John Andrew Andretti (March 12, 1963January 30, 2020) was an American race car driver. He won individual races in CART, IMSA GTP, Rolex Sports Car Series, and NASCAR during his career. He was the son of Aldo Andretti, older brother of racer Adam Andretti, nephew of Mario Andretti, and first cousin to IndyCar champion Michael and Jeff Andretti.

Early life 
John Andretti was born on March 12, 1963, in Bethlehem, Pennsylvania, to "Corky" and Aldo Andretti. As a member of the famous Andretti racing family he was predestined for a racing career. Starting with karts at a young age, he graduated in time to junior stock cars and USAC midgets.

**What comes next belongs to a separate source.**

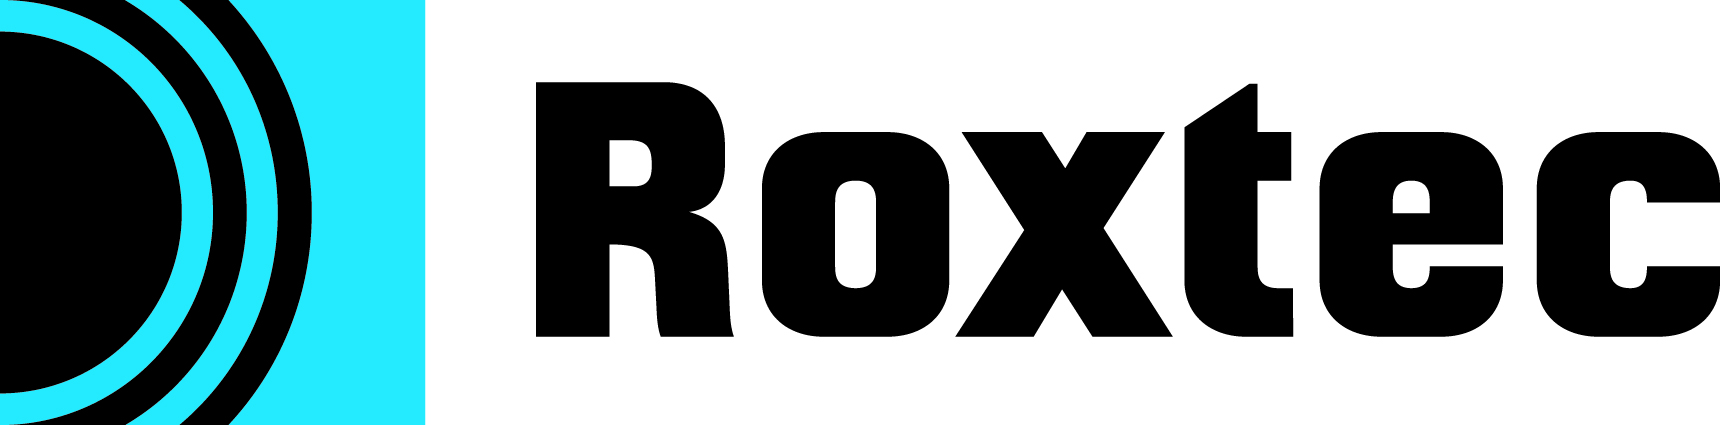 alt="Roxtec logo"

Andretti graduated from Moravian College with a degree in business management and later reflected he would have been an investment banker or stock broker if he had not started racing.  He started racing actual sports cars in 1984. Andretti joined the BMW North America team for a full IMSA GTP season in 1986. He won that year at Watkins Glen, paired with Davy Jones.

CART
Andretti joined the PPG Indy Car World Series (CART) in 1987. In his debut at the Indianapolis Motor Speedway in 1988, he reached as high as seventh place before mechanical problems forced him to finish 21st. In 1991 he won the only race of his CART career, the Gold Coast Indy 300 in Surfer's Paradise, Australia. He finished a career-best fifth in the 1991 Indianapolis 500. The 1994 Indy 500 was his last appearance in that race until 2007.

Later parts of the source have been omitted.